Our experience in Europe, specifically in the UK where Iliad led the roll out of the Faster Payments initiative, was focused on the speed and security of a successful government-mandated delivery. We worked with eleven of the thirteen original banks that were live on day one and have since worked with almost all the other UK banks and processors.

The participants and the Faster Payment scheme had to hit dates and targets that offered little scope for error, and certainly none for a delay in the timing. Our mandate was very clear. We were a critical part of the banks’ deployment projects and our software and experts led the testing process. That mandate continues to this day


The United States

In the US the legislators have allowed the market to decide how immediate payments should be adopted, as opposed to the UK governments approach of instructing the industry to make the change. This creates subtle, but fundamental difference in the US deployment.

The two existing schemes, led by Zelle and The Clearing House, deliver different experiences and address different requirements. However, both platforms complement the overall national proposition.

In the background, the FED is still unclear about whether it will offer a service itself, or whether it will maintain its view that the private sector should drive the process. Their uncertainty seems to be giving some of the banks we spoke to cause for hesitation, especially the smaller community banks.

The big question we were left asking was whether the process means that competition between different schemes is creating a better immediate payments landscape for the US, as developers strive for the market-leading solution. The alternative view is that investment risks being diluted as  a number of organisations work independently towards a similar objective. The feedback seemed to be that people are still unsure about this.

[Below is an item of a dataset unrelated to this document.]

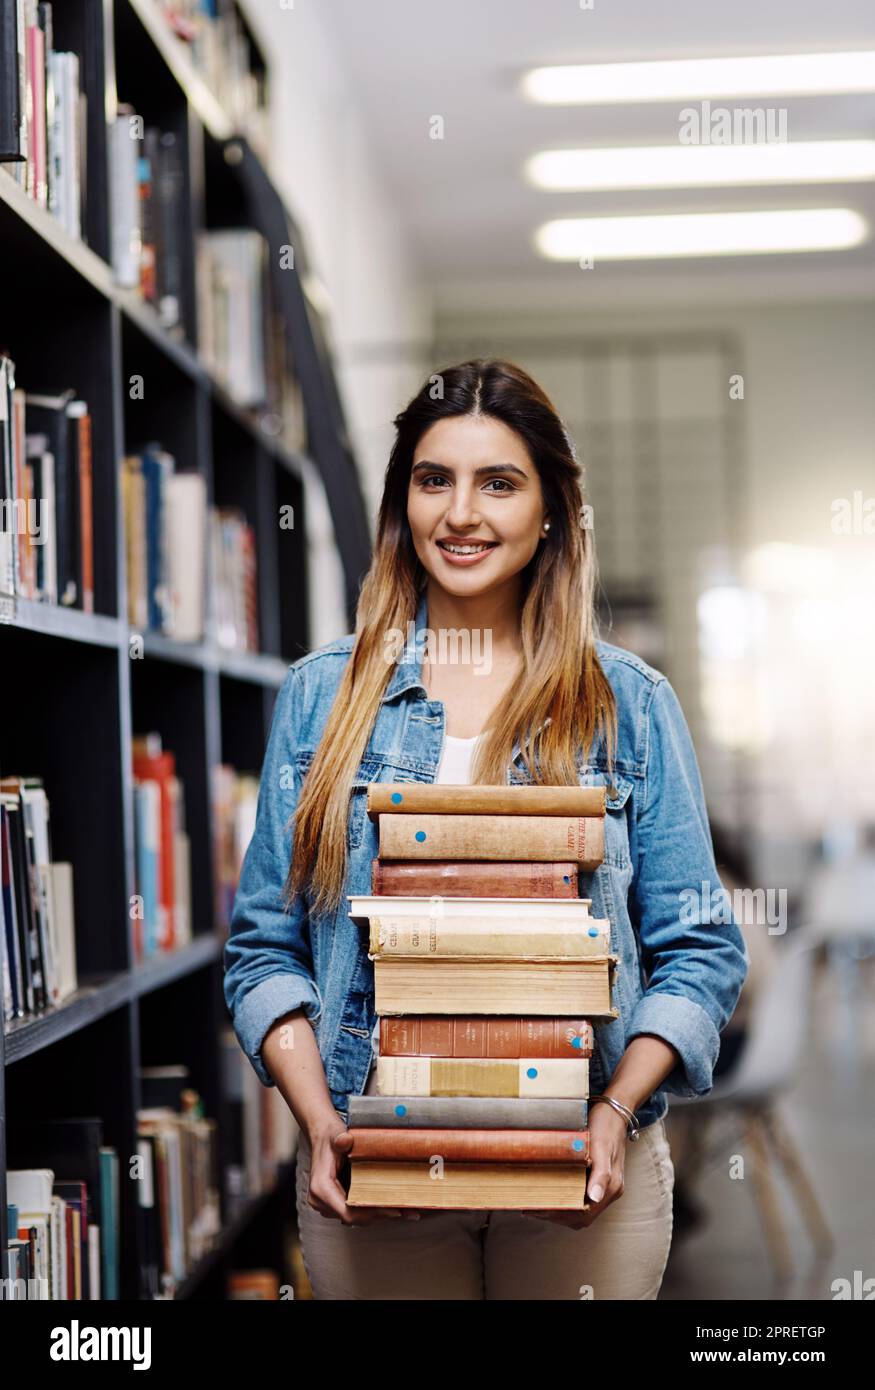 Das sind alle Bücher, die dieses akademische Jahr nicht brauchen. Porträt einer glücklichen jungen Frau, die Bücher in einer Bibliothek am College trägt. Stockfoto

Real-Time Payments will happen

What is clear is that everyone is working to make Real-Time Payments in America successful. We talked to several people about its development and implementation, and testing is undoubtedly a concern. When we explained our experience, it’s also clear that those responsible for making this happen recognise the need for a new approach and for confidence in a testing platform. We have just launched the kind of testing platform that people have been looking for. The solution is constructed on our proven virtualised payments testing platform, and is fully configured to simulate all the elements of Real-Time Payments in house or via the cloud, enabling banks to fully test their systems internally prior to certification. It also provides the ability to deliver an on-going automated regression platform, to protect the banks and the scheme from the risks of errors being introduced as a result of changes of any kind. In our recent joint press release TCH welcomed this as a valuable aid towards preparing the banks in the US for Real-Time Payments, and accelerating its adoption.


Where to get help

Our experience of Immediate Payments teaches us is that these systems will continue to evolve in parallel with the banks’ own internal systems. Once the case for use is proven, adoption will almost certainly rocket. We will use that experience and our technology to support the market in the US as it develops, and we believe that this will be exciting and challenging in equal measure.